From CAGT
GEMS - Help
Contents |
Update
GEMS version 1.5 is now available. The new version improves the masking
function, and be able to generate two vector files for the selection of samples
and genes individually. A web-based server for GEMS is available at http://genomics10.bu.edu/terrence/gems/
The NAR paper describing GEMS server is available HERE
If you use GEMS in your research please acknowledge the following paper:
Wu CJ, Kasif S.
GEMS: a web server for biclustering analysis of expression data.

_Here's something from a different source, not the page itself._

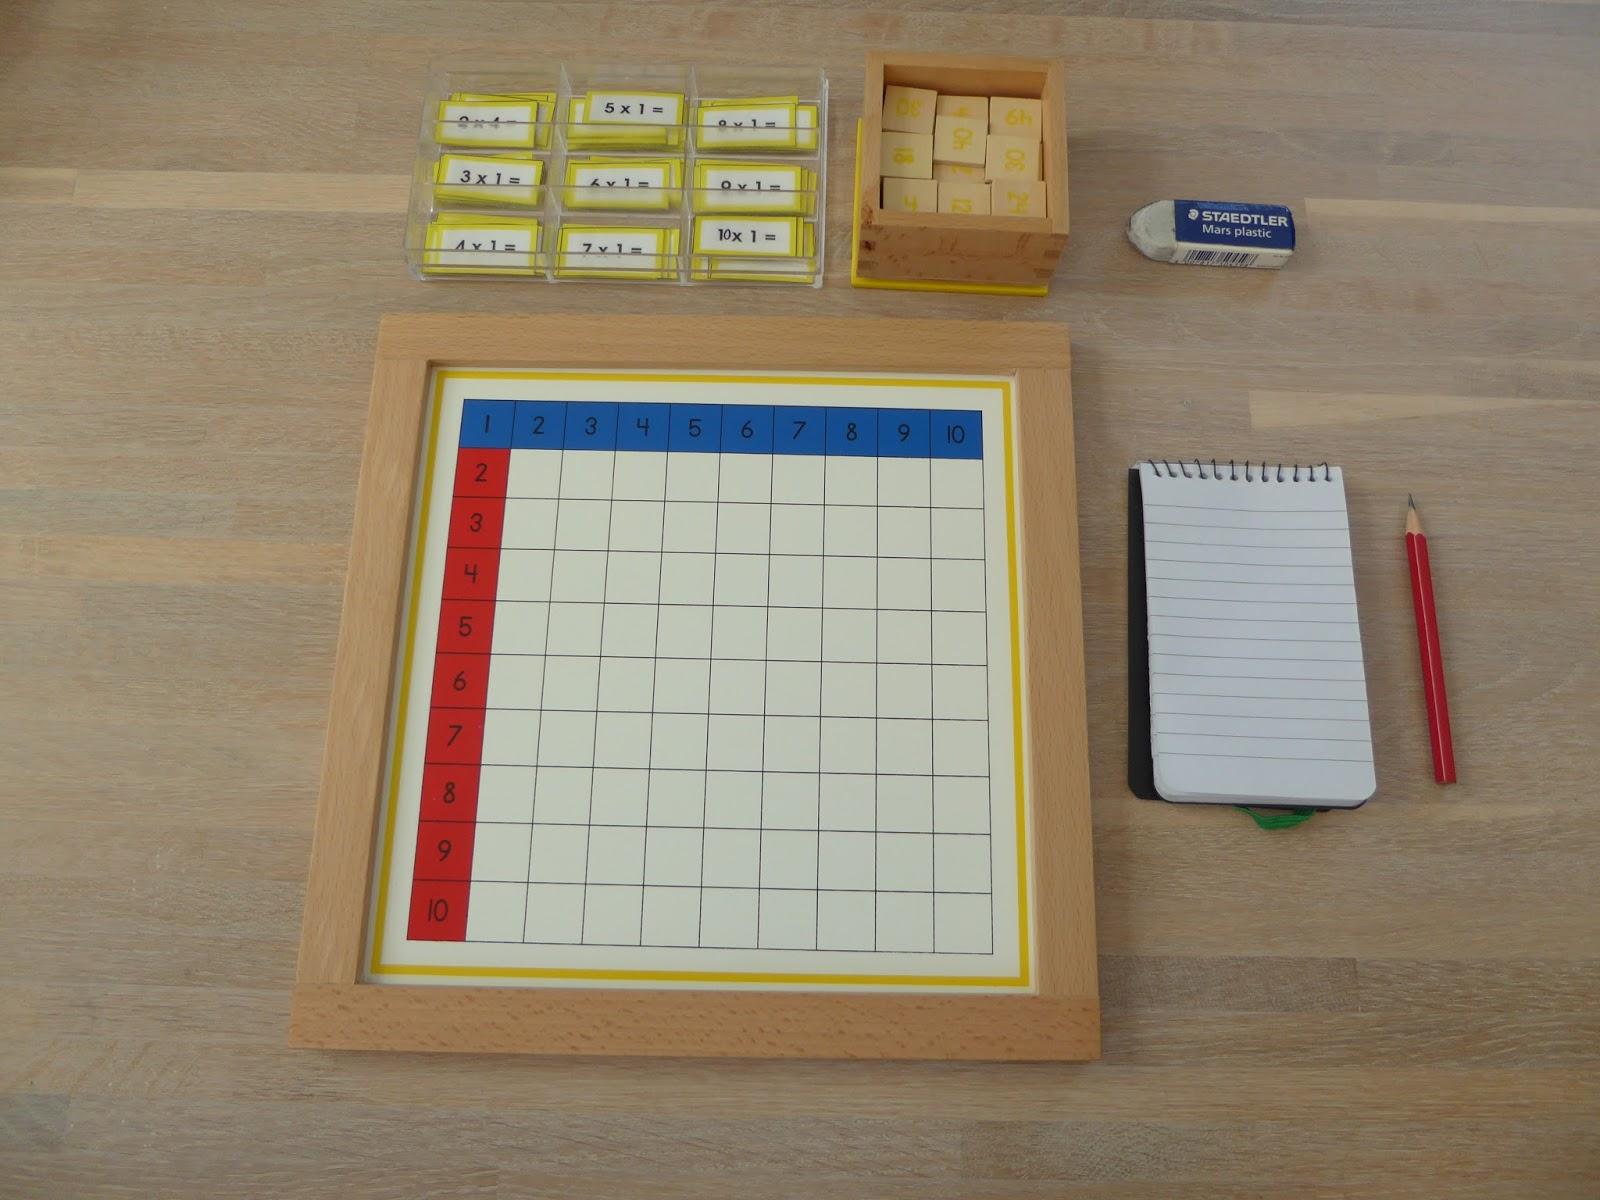 Family fecs montessori activity multiplication finger working montessori activity multiplication finger working chart 5 the blank multiplication chart nvjuhfo Image collections

Nucleic Acids Res. 2005 Jul 1;33.
Additional information
This project has been presented in the Fourth
Annual International Workshop on Bioinformatics and Systems Biology in Kyoto
Japan June 3, 2004. Details of the algorithm can be found in Genome
Informatics 15(1): 239-248, 2004.
DOWNLOAD PDF DOCUMENT
Introduction
Recent advances in high throughput profiling of gene expression have catalyzed an explosive growth in functional genomics aimed at the elucidation of genes that are differentially expressed in different tissue or cell types across a range of experimental conditions. Traditional clustering methods such as hierarchical clustering, or principal component analysis are difficult to deploy effectively for several of these tasks since genes rarely exhibit similar expression pattern across a wide range of conditions. Biclustering (also referred to as co-clustering, two way clustering, projective clustering, block clustering) of gene expression data is a promising methodology for identification of gene groups that show a coherent expression profile across a subset of conditions. While biclustering was introduced in statistics in 1974 few robust and efficient solutions exist. Here we propose a simple but promising new approach for biclustering based on a Gibbs sampling paradigm. Our algorithm is implemented in the program GEMS (Gene Expression Module Sampler). GEMS had been tested on published leukemia data sets, as well as on synthetic data generated to evaluate the effect of noise on the performance of the algorithm. In our preliminary studies we showed that GEMS is a reliable, flexible and computationally efficient approach for biclustering gene expression data. These biclusters are potential targets for genes that are functionally related or co-regulated by common transcription factors. The samples produced by the algorithm can potentially suggest sub-classes of diseases and can serve as a diagnostic tool.
Workflow
Dowload and install
Click the link to download the source code: gems15.cpp
After downloading, run the following commands:
1. Linux/Unix System: GNU GCC complier version 3 and above preferred.
$ g++ gems15.cpp -o gems15
2. Windows System: Borland C Complier 5.5 prefered
> bcc32 gems15.cpp -o gems15
Now the GEMS program should be ready to run.
Usage
Input
Three parameters are required: name of file containing the expression data, size constraint alpha, and width constraint w.
- Expression data (required): The format
is similar to the usual format used in gene expression data sets. All lines
are tab-delimited. The first row of the file specifies the names of the first
two columns followed by all the sample names. Every other line corresponds to
a gene. The line contains the gene id, the gene name, and all the expression
values for that gene. Missing values can be indicated by "NA". GEMS
will skip the missing values when mining the optimal bicluster. A sample array file can be downloaded here.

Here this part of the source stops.